Per-Section Evidence Summary
Include at section end:
--- **Evidence Quality for Section 3 (Genetics)**: - Causal/Mendelian (T1): 5 genes - Replicated GWAS (T2): 23 loci - Single GWAS (T3): 45 associations - Mention/Predicted (T4): 12 ---
References Section
At the end of the report, include complete tool usage log:
## References ### Tools Used | # | Tool | Parameters | Section | Items Retrieved | |---|------|------------|---------|-----------------| | 1 | OSL_get_efo_id_by_disease_name | disease="Alzheimer disease" | Identity | 1 | | 2 | ols_get_efo_term | obo_id="EFO:0000249" | Identity | 1 | | 3 | OpenTargets_get_associated_targets_by_disease_efoId | efoId="EFO_0000249" | Genetics | 245 | | ... | ... | ... | ... | ... | ### Data Retrieved Summary - Total tools used: 45 - Total API calls: 78 - Sections completed: 10/10
Progressive Update Pattern
After researching EACH dimension, immediately update the report file:
# After each dimension's research completes:
# 1. Read current report
with open(report_file, 'r') as f:
report = f.read()
# 2. Replace placeholder with formatted content
report = report.replace(
"## 3. Genetic & Molecular Basis\n*Pending...*",
formatted_genetics_section
)
# 3. Write back immediately
with open(report_file, 'w') as f:
f.write(report)
# 4. Continue to next dimension
Final Report Quality Checklist
Before presenting to user, verify:
- • All 10 sections have content (or marked as "No data available")

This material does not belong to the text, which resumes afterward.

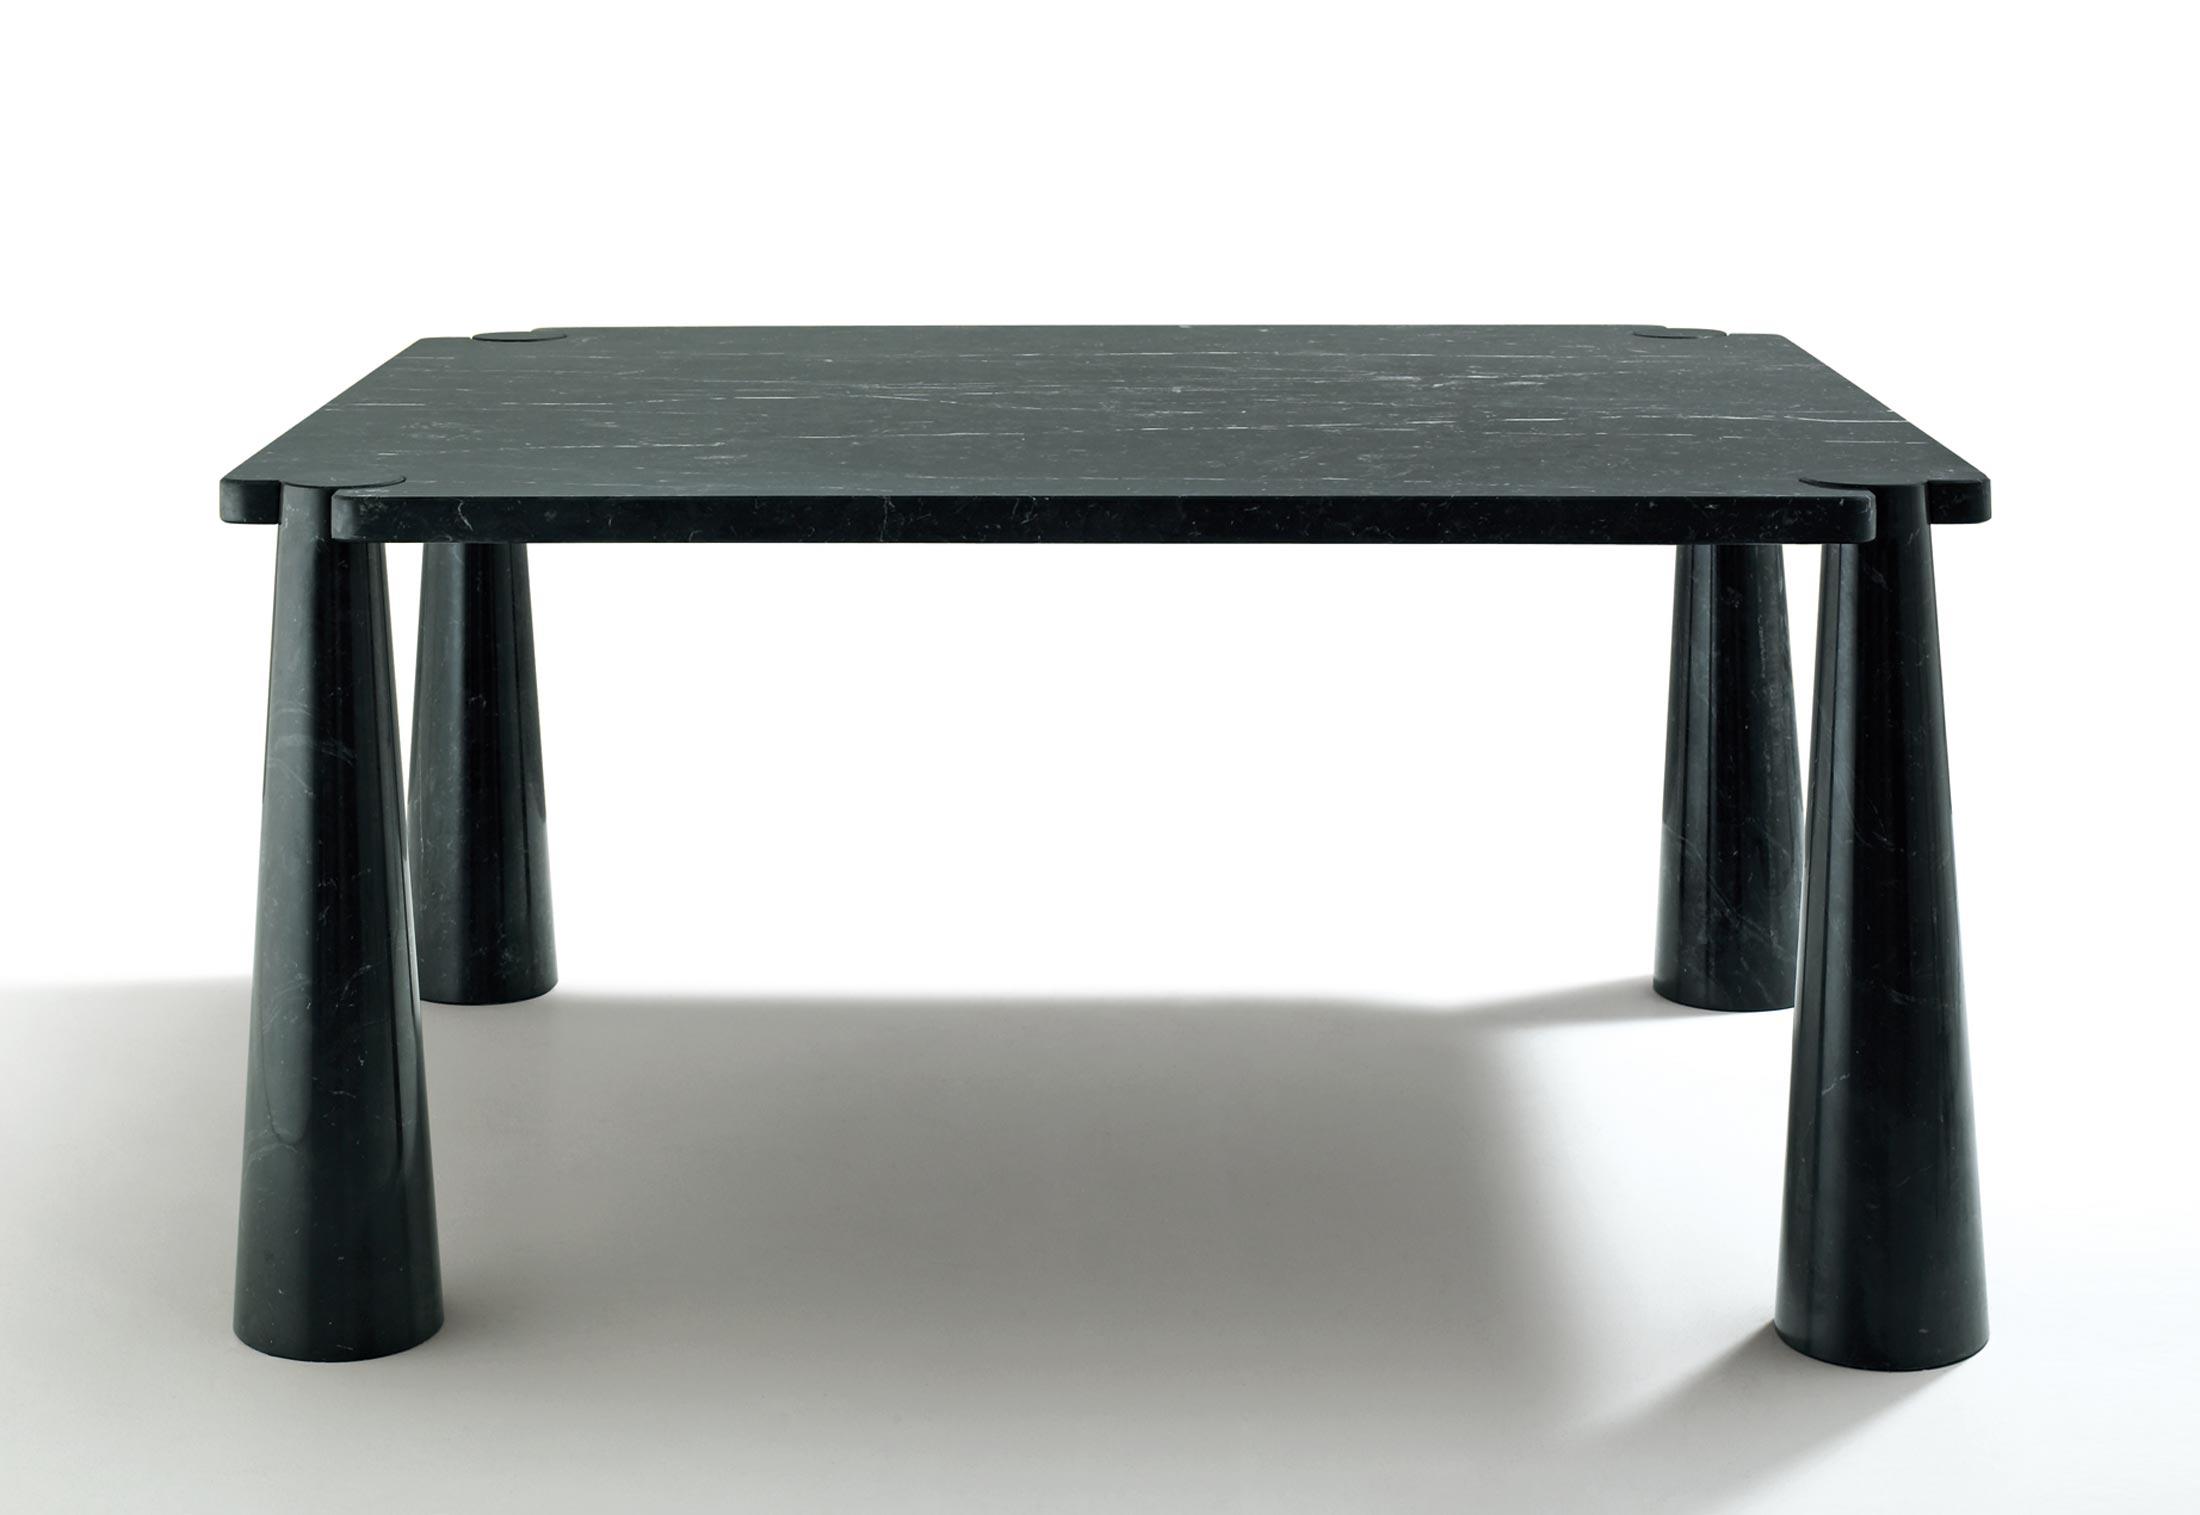 Eros four legged table by AGAPECASA STYLEPARK : eros four legged table 2 from www.stylepark.com size 2200 x 1515 jpeg 114kB

- • Every data point has a source citation
- • Executive summary reflects key findings
- • References section lists all tools used
- • Tables are properly formatted
- • No placeholder text remains
Example Output Structure
For "Alzheimer's Disease" research, the final report should be 2000+ lines with:
- •Section 1: 5+ ontology IDs, 10+ synonyms, disease hierarchy
- •Section 2: 20+ phenotypes with HPO IDs, symptoms list
- •Section 3: 50+ genes with scores, 30+ GWAS associations, 100+ ClinVar variants
- •Section 4: 20+ drugs, 50+ clinical trials with details
- •Section 5: 10+ pathways, PPI network, expression data
- •Section 6: 100+ publications, citation analysis, institution list
- •Section 7: 15+ similar diseases with similarity scores
- •Section 8: (if cancer) variants, evidence items
- •Section 9: Pharmacological targets and interactions
- •Section 10: Drug warnings, adverse events
Total: Detailed report with 500+ individual data points, each with source citation.
Tool Reference
See TOOLS_REFERENCE.md for complete tool documentation. See EXAMPLES.md for sample reports.